SEBI had recently released a consultation paper on DVRs. The paper described that DVRs can help founders/promoters retain control over the company they create and grow. The paper said that dual structures help in fundraising without the promoters having to dilute their control and DVRs can also serve as defence mechanism against any hostile bid for acquisition of a company. The importance of having DVRs for promoters was hotly discussed in a recent hostile bid where L&T wanted to take control of Mindtree. Whether or not Mindtree’s promoters could have used DVRs (if the law had permitted) to avert this hostile bid is a question of interest and debate. Globally, many jurisdictions, including the US, allow founders to have DVRs to ensure they can keep control over their companies. Google’s and Facebook’s founders hold such shares. SEBI has recommended the issue of superior rights-based DVRs only to promoters of unlisted companies and to no other person. This is contrary to the Companies Act, 2013, which allows DVRs to be issued to anyone including the promoters.

In addition to serving as a defence mechanism, DVRs are used in the structuring of mergers and acquisition transactions. For instance, they can be used in private equity deals where promoters can take DVRs for higher voting rights while private equity investors can take them to get higher financial returns in the form of dividends.
The rules that apply for DVRs depend upon the company—private company, publicly unlisted company or listed company. An unlisted company (whether private or public) is governed by Section 43 of the Companies Act, 2013, and the Companies (Share Capital and Debentures) Rules, 2014 (“Rules”). A private company, by its memorandum and articles of association, can exempt itself from these provisions. Therefore, it can avoid compliance with the difficult rules of DVRs and is free to have its own terms for its DVRs. A publicly unlisted company does not enjoy the same advantage. It needs to necessarily follow the rules, including the one requiring it to have a consistent track record of distributable profits for the last three years and also the rule which caps DVRs till only 26% of the company’s total capital. Therefore, start-ups or tech companies (where DVRs are quite popular) prefer setting up private companies. But sooner or later, they need to go for a public listing to ensure an exit for their investors. It is at that stage that DVR rules, applicable to a listed company, kick in.

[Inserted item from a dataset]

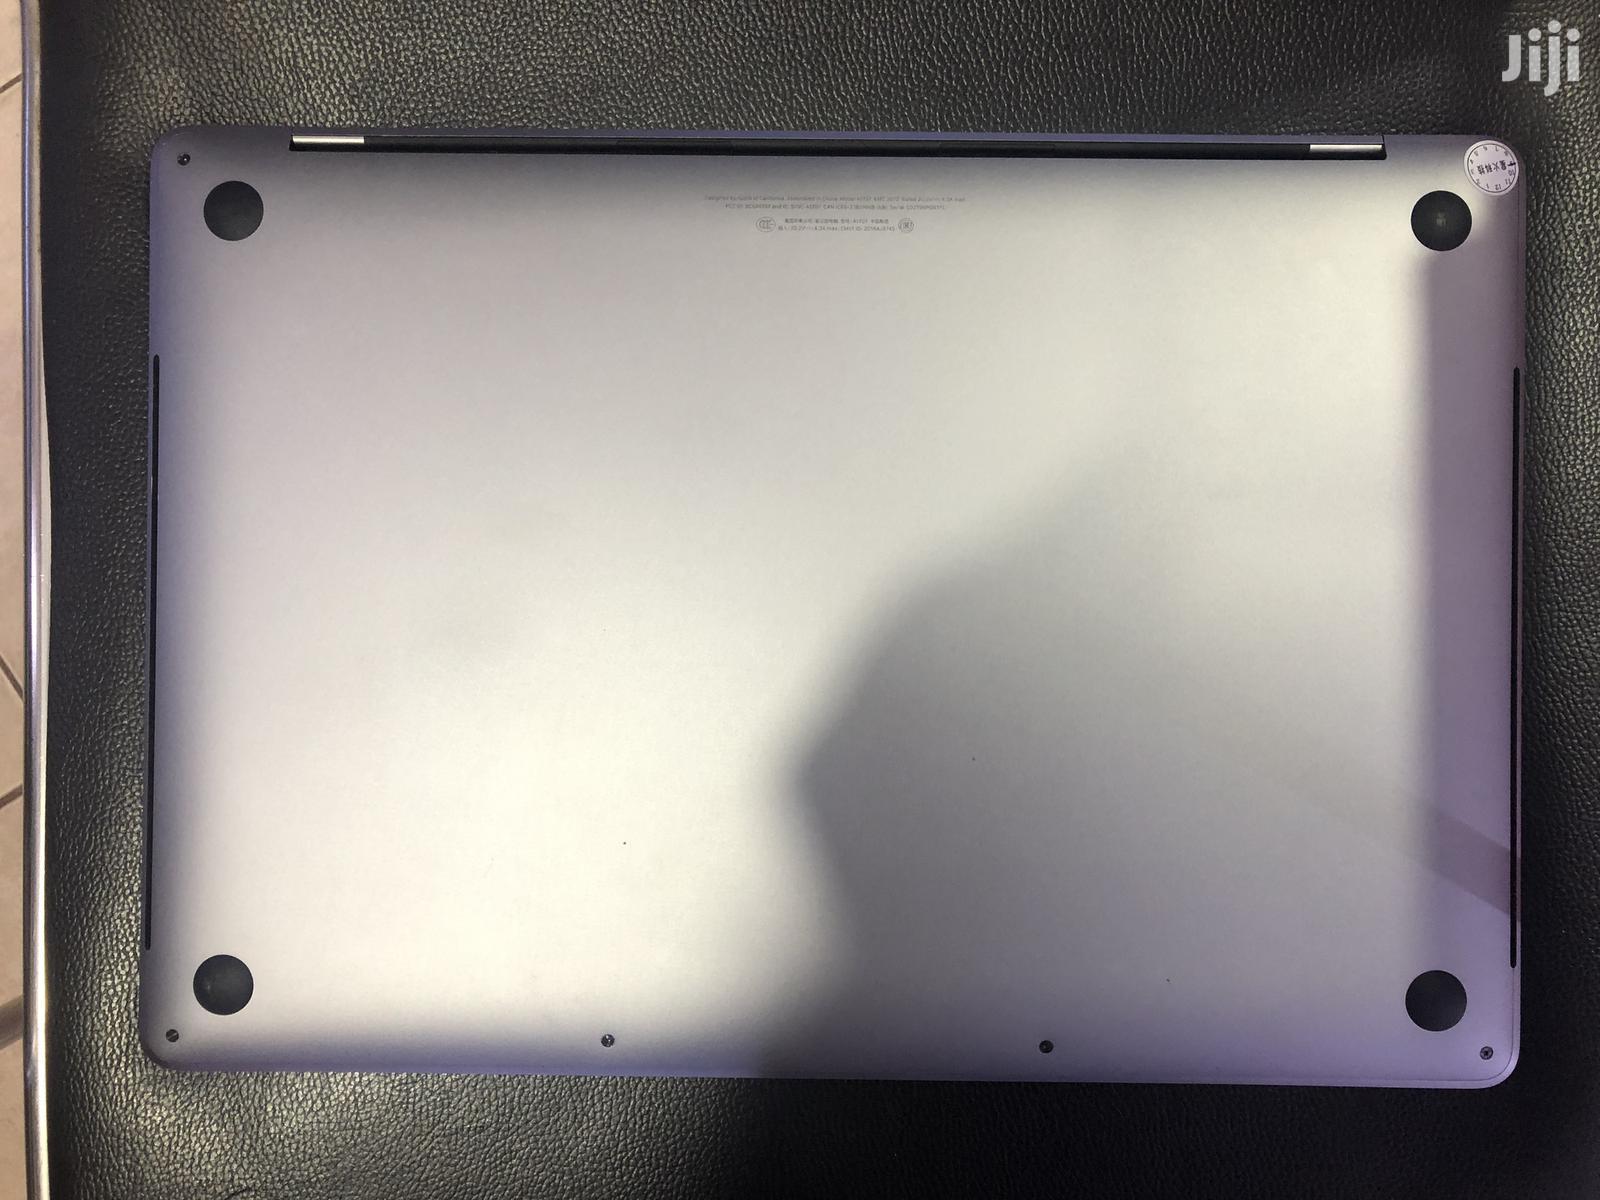 Laptop Apple MacBook Pro 16GB Intel Core i7 SSD 256GB | Laptops & Computers for sale in Kampala, Central Region, Uganda

The SEBI (LODR) Regulations, 2015, do not allow listed entities to issue shares in any manner which may give any superior rights with regards to voting or dividend over the rights on equity shares that are already listed. This means a DVR with superior rights is not allowed while an inferior rights share is permitted. The SEBI’s proposals in the consultation paper seem equally stringent (if not more) than the existing law on DVRs. These include issuance of DVRs to only promoters and that too only pre-IPO and not after the IPO; permanent lock-in on DVRs, with no rights to trade and transfer them (even amongst promoters), and coat-tail provisions (i.e, provisions where DVRs will be treated as normal voting right shares). It appears that SEBI wants to test waters before allowing DVRs in a big way. It remains doubtful that DVRs will become more attractive than before.